How long does it take to develop a knowing of “good”? For some a “good” is never known because it is never questioned, never consciously considered. It is for most a process of degrees that does not end until this self is ended.

“This becoming responsible… This trembling seizes one at the moment of becoming a person, and the person can become what it is only in being paralyzed [_transie_], in its very singularity, by the gaze of God. Then it [the person] sees itself seen by the gaze of another, ‘a supreme, absolute and inaccessible being who holds us in his hand not by exterior but by interior force’ (Jan Patocka, Heretical Essays on the Philosophy of History, 116 – quoted by Jacques Derrida, The Gift of Death, 6, The University of Chicago Press, Chicago, 1995)

Consciousness is the waking of the interior witness. As discussed in Patocka, it is the presence of God. It, the witness, becomes the self that is aware. Without this awakened self it is impossible to take responsibility. “To take responsibility” requires a self-interrogation, an awake interior witness that holds the self accountable to a criteria. This constitutes the integrity of the self. The consistency of the logic exercised is the only means by which the ethical nature of the exterior self is manifested. The interior witness is unknowable, un-accessible to any other but the self to which it bears witness. It is a mystery. Its nature can only be imagined through the logic which is demonstrated by the actions of that external self.

Lack of responsibility grants authority to something other than the witness/self. This “other voice”, of my mother, of my teacher, of my neighbor, of my community’s collective voice, of my political party, of my gang, of my religion, or yet some other-other; may define for me an externally determined “good” and become an internalizing of a “better than.” By employing this authority I may employ a criteria that places my performance of “goodness” as a contrast to the definitions of “goodness” held by others.
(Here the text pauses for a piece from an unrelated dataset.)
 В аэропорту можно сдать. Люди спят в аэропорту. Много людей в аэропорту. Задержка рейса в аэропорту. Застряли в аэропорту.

This accounting to an external authority reassures me that I am better than some other and relieves me of doubt and the work of self questioning.

Eg.: the making of a bowl – clean and perfect – demonstrates to you, the external, my ability to “make good”; to follow the rules of “goodness” – those rules unto which I have been inculcated, they are second nature, an interior, yet un-interrogated voice.

This is the performance of training; doing without thinking; doing without consideration.

An individual’s ethics are played out in the performance of the good. How deeply interrogated are its conditions? How consistent is the employment of the logic extended from it? And what are the limits of that logic’s extension?

It requires the work of thinking to take responsibility. It is reasonable, and almost impossible to do otherwise, to make a formulation for what will constitutes ones ethics from other sources, but it is irresponsible to do so without an interior dialogue which questions the meanings and applications of the positions: to think closely, to take the time to denote and privilege what one values.


How do we know good?

Who is it that I want to be? How do I reconcile my failures with my ideals? When do I become awake?

Wednesday, May 27, 2009

discourse on exchange...

There is a fantasy of intercourse without expectation or responsibility.

All intercourse carries an expectation of exchange. Something is imparted.

To deny responsibility is to fail to pay what is due.

Tuesday, May 26, 2009

same sex marriage and equal rights

Headline from ABC News, Tuesday, May 26 - "Calif. High Court Upholds Gay Marriage Ban, but Allows Pre-Existing Same-Sex Marriages to Stand"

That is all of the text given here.